* What to work on
Your copy of the data should leave out the images and match everything else exactly.

* Information shown

=== Begin Enclosure ===

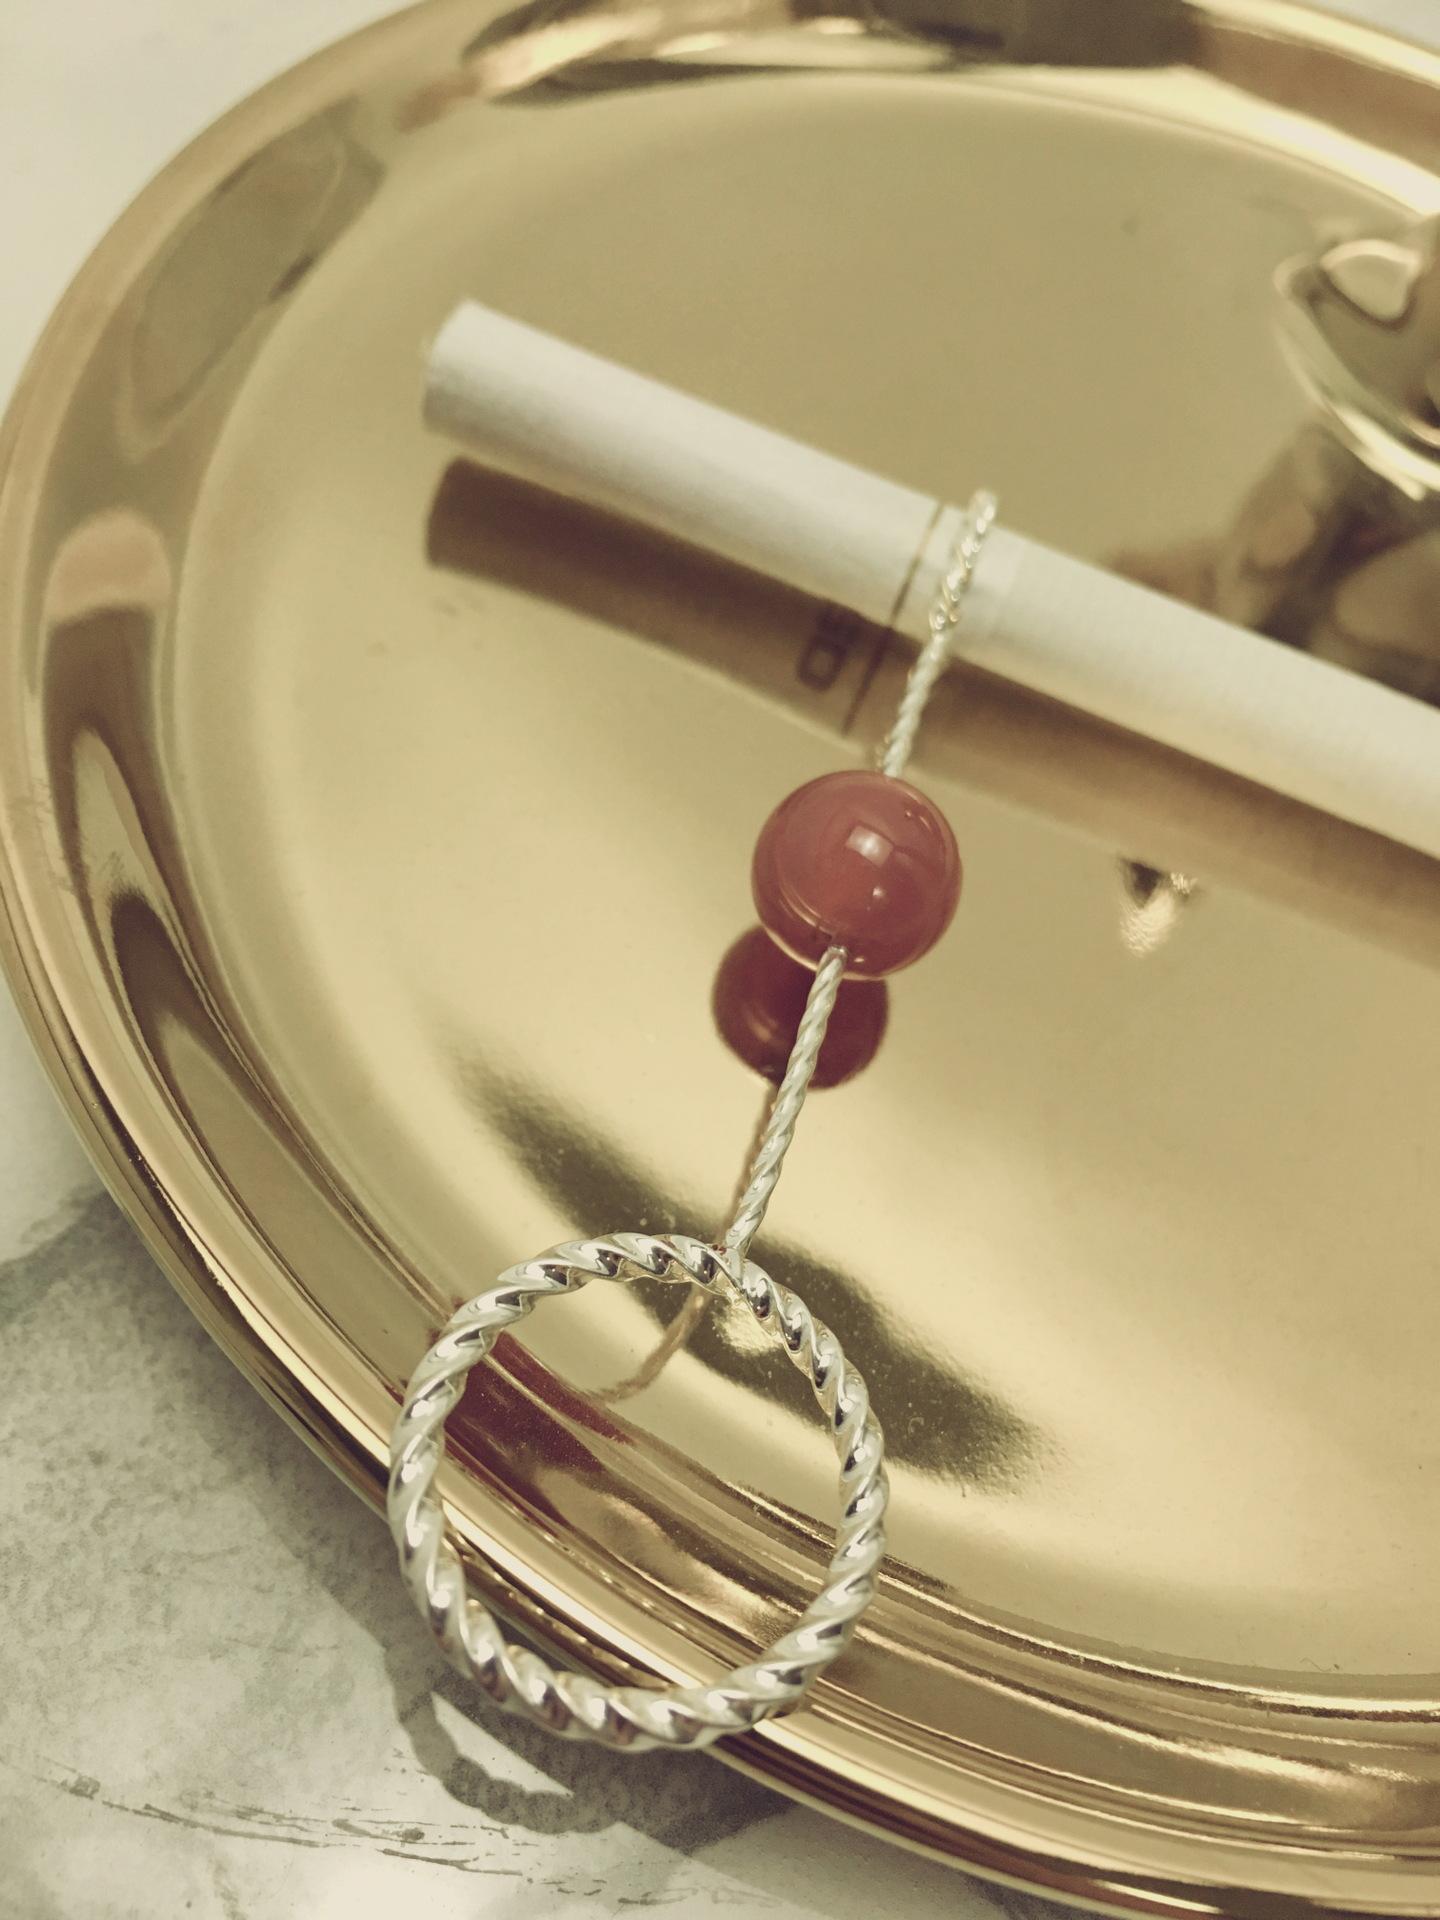 烟托戒指男士抽烟指环架托烟嘴创意个性红绿蓝色珠子宋佳同款
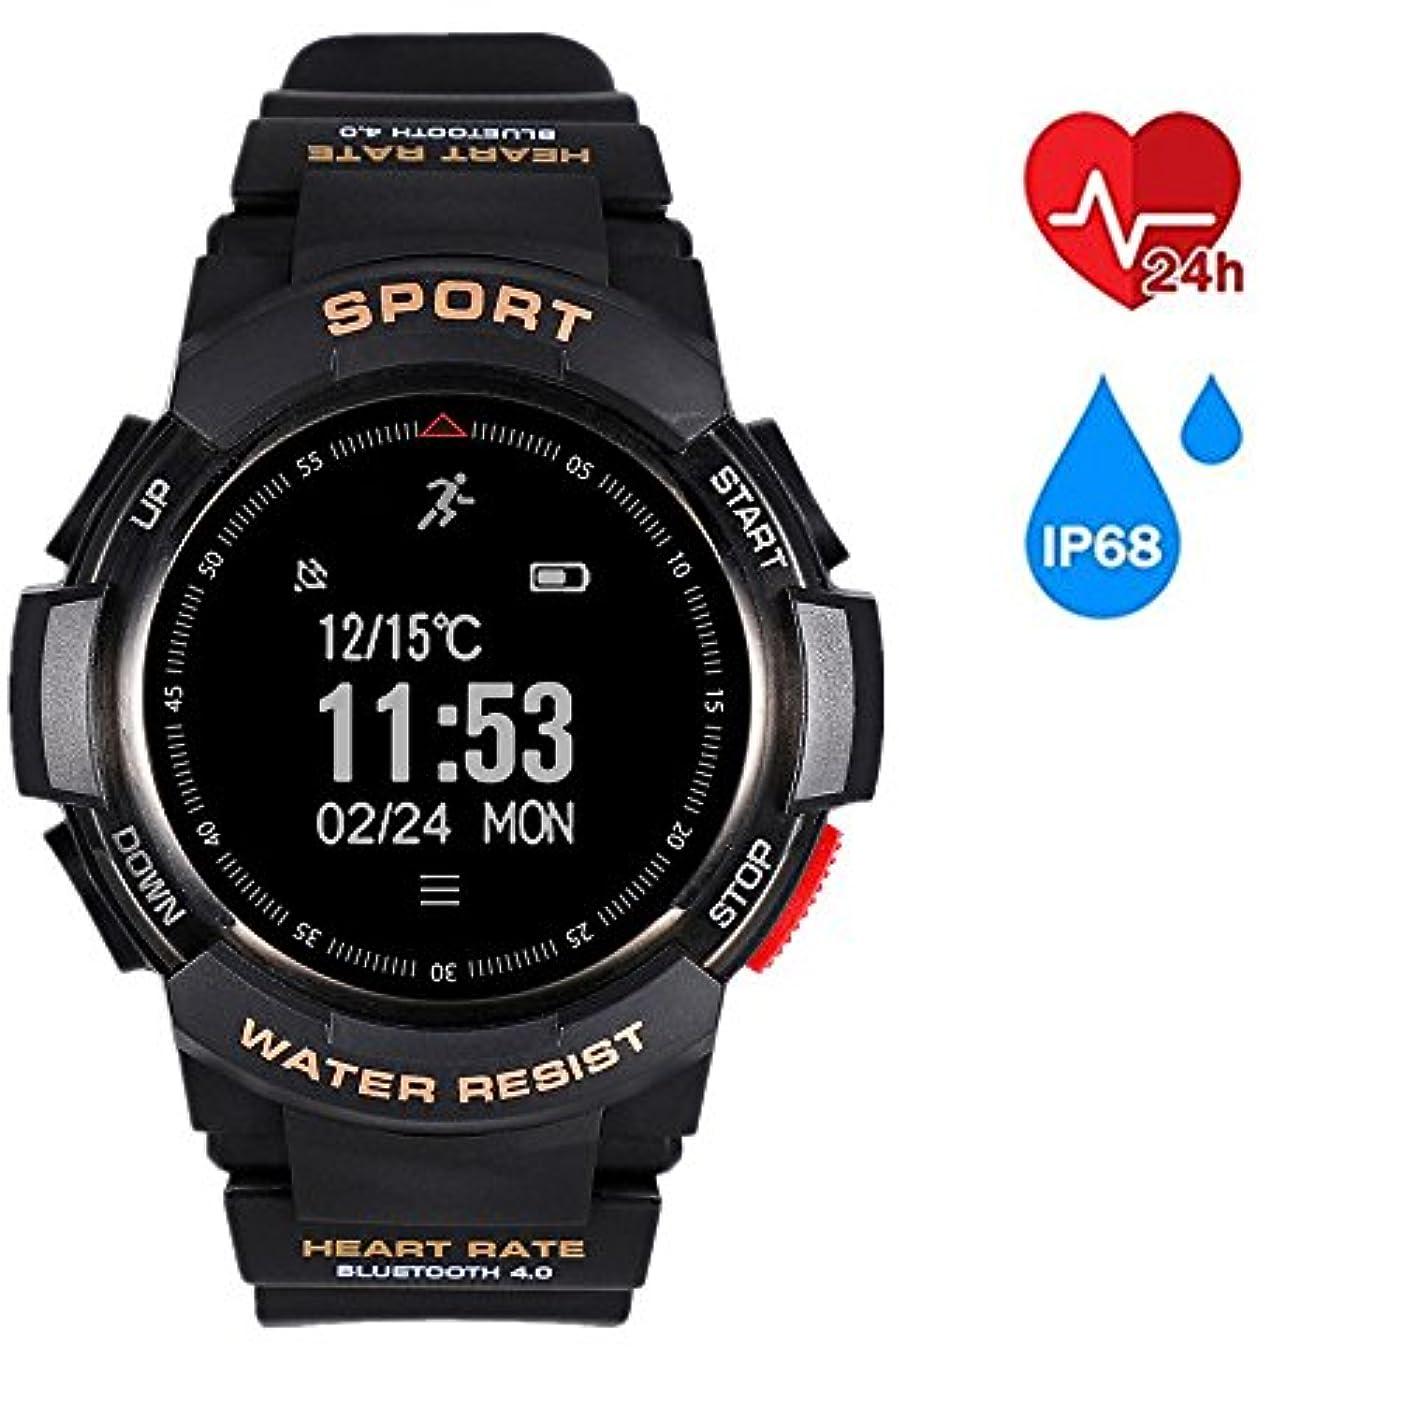 愛非武装化ペルソナf6 Bluetooth 4.0スマートリストバンドハートレートモニター歩数計ip68スポーツスマートウォッチスポーツブレスレット腕時計インテリジェント ブラック
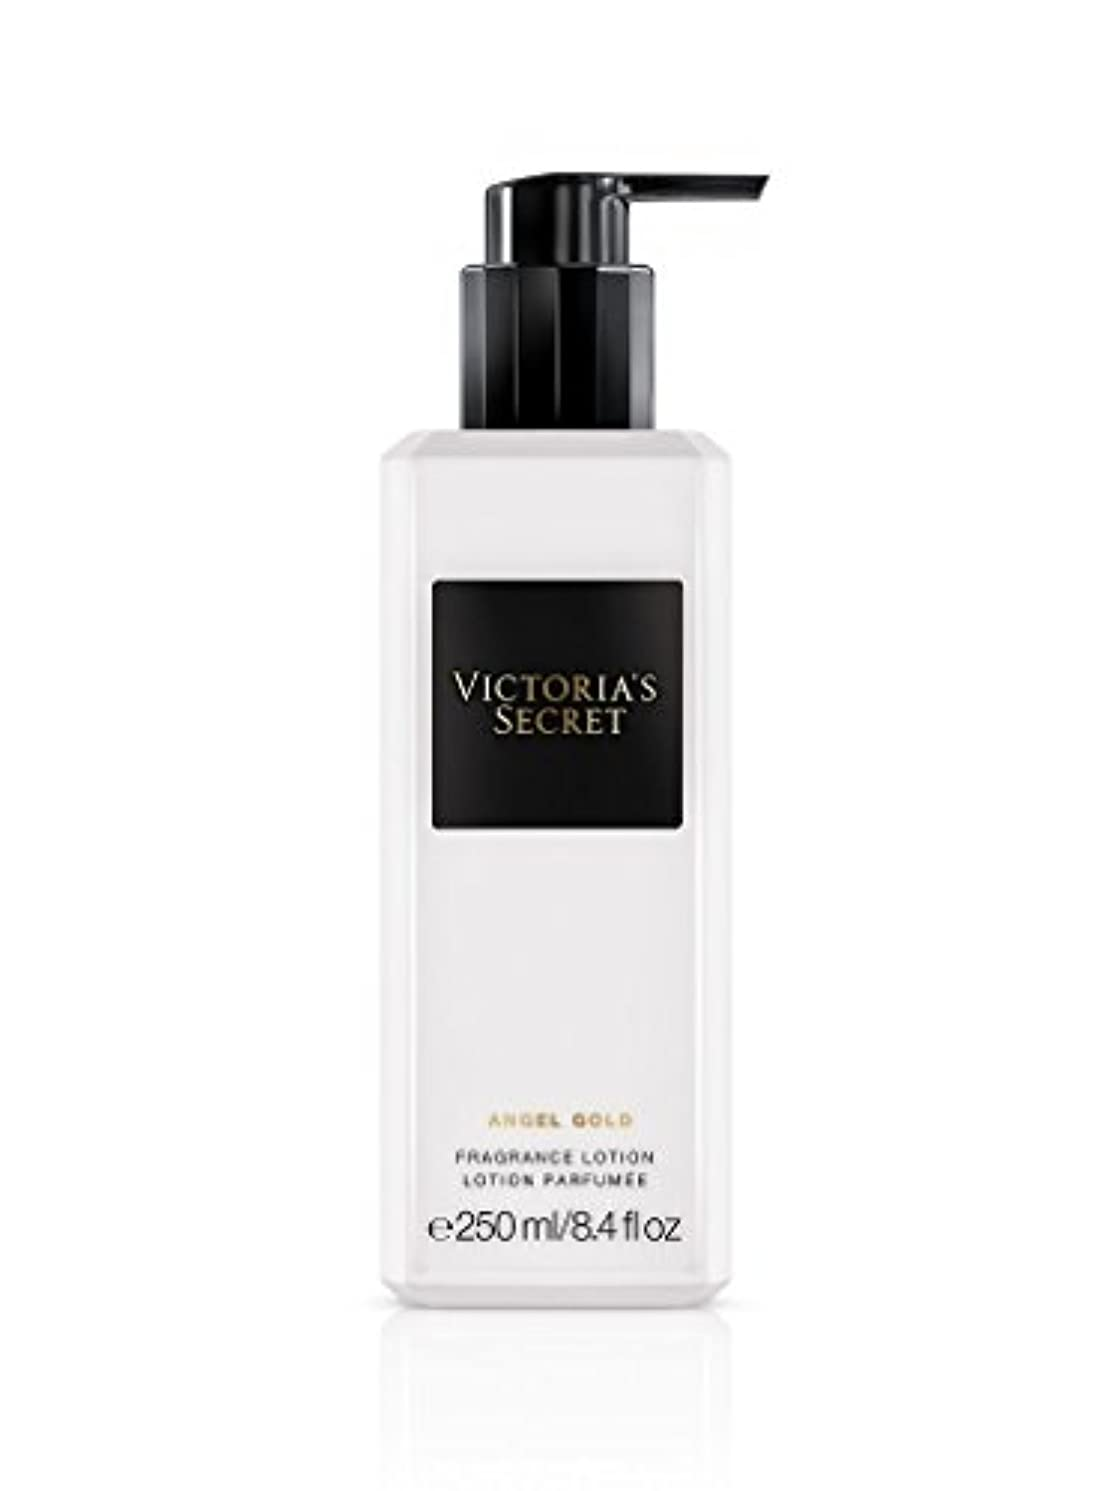 VICTORIA'S SECRET ヴィクトリアシークレット/ビクトリアシークレット エンジェルゴールド フレグランスローション / Angel Gold Fragrance Lotion [並行輸入品]
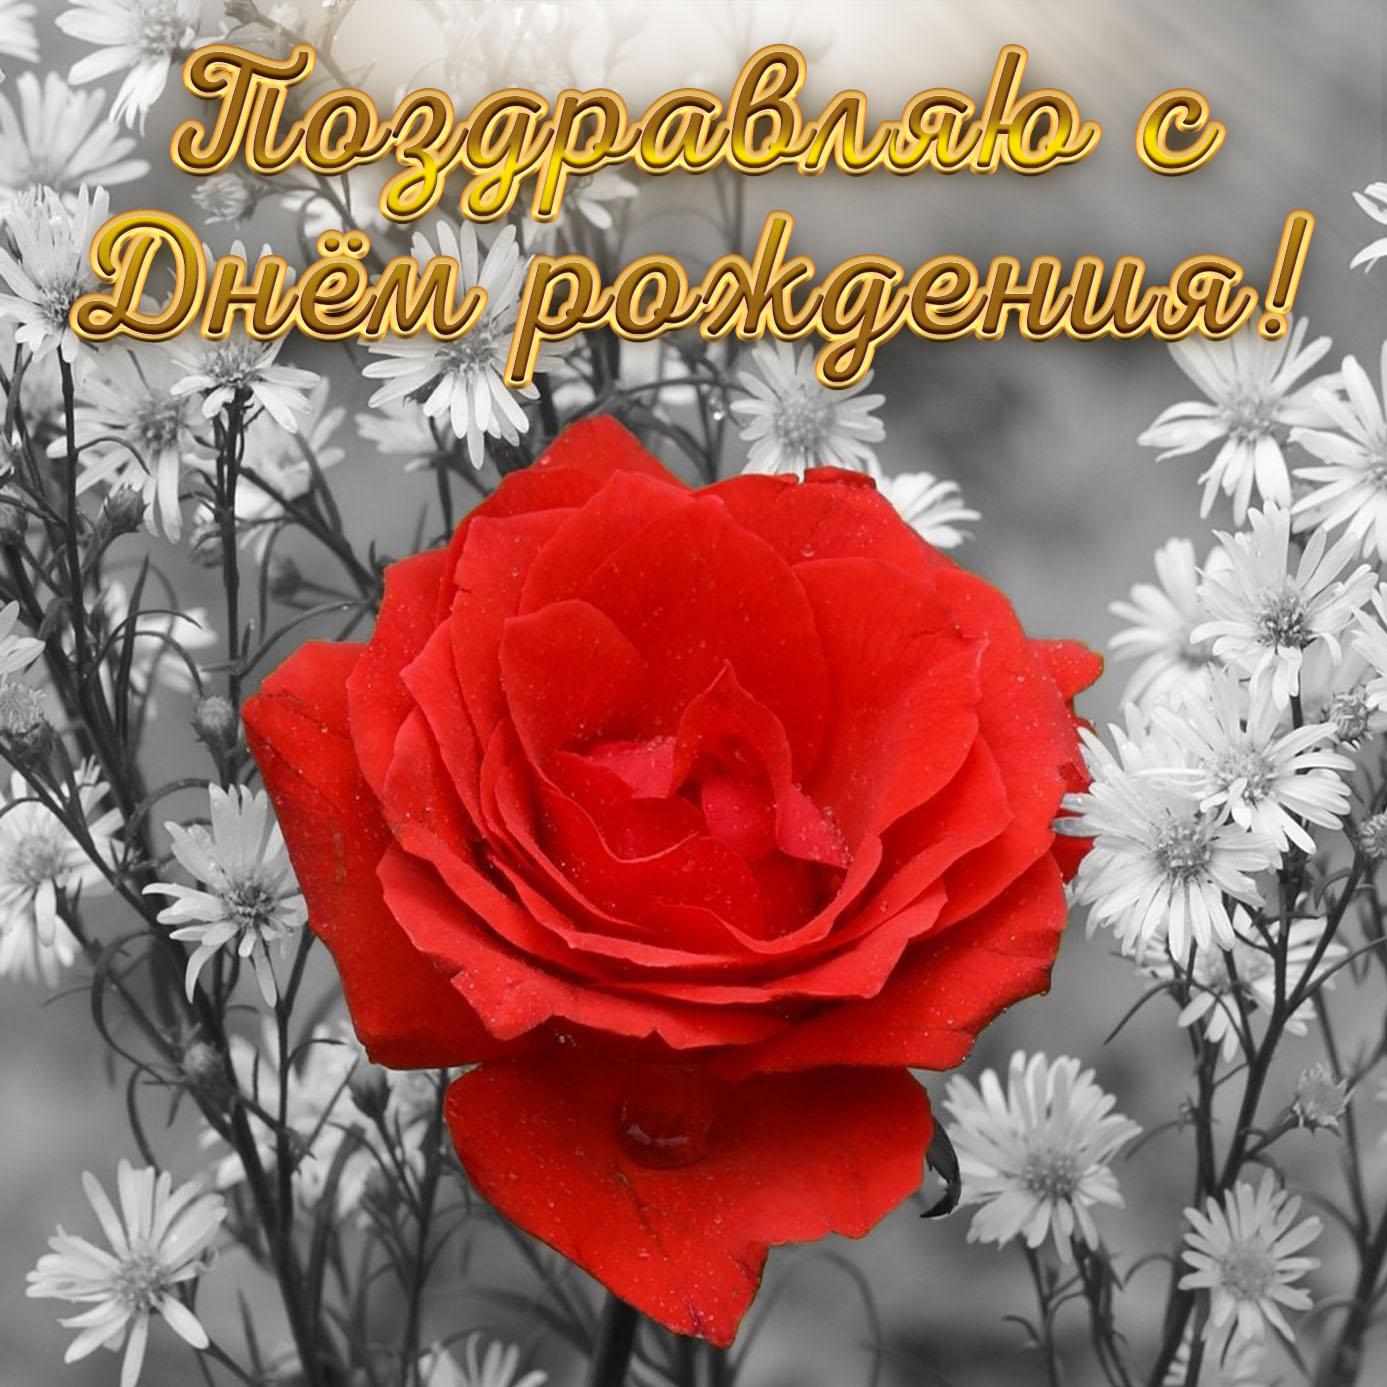 Картинка с красной розой на День рождения

=== End Enclosure ===

* Your solution
 烟托戒指男士抽烟指环架托烟嘴创意个性红绿蓝色珠子宋佳同款
 愛非武装化ペルソナf6 Bluetooth 4.0スマートリストバンドハートレートモニター歩数計ip68スポーツスマートウォッチスポーツブレスレット腕時計インテリジェント ブラック
 VICTORIA'S SECRET ヴィクトリアシークレット/ビクトリアシークレット エンジェルゴールド フレグランスローション / Angel Gold Fragrance Lotion [並行輸入品]
 Картинка с красной розой на День рождения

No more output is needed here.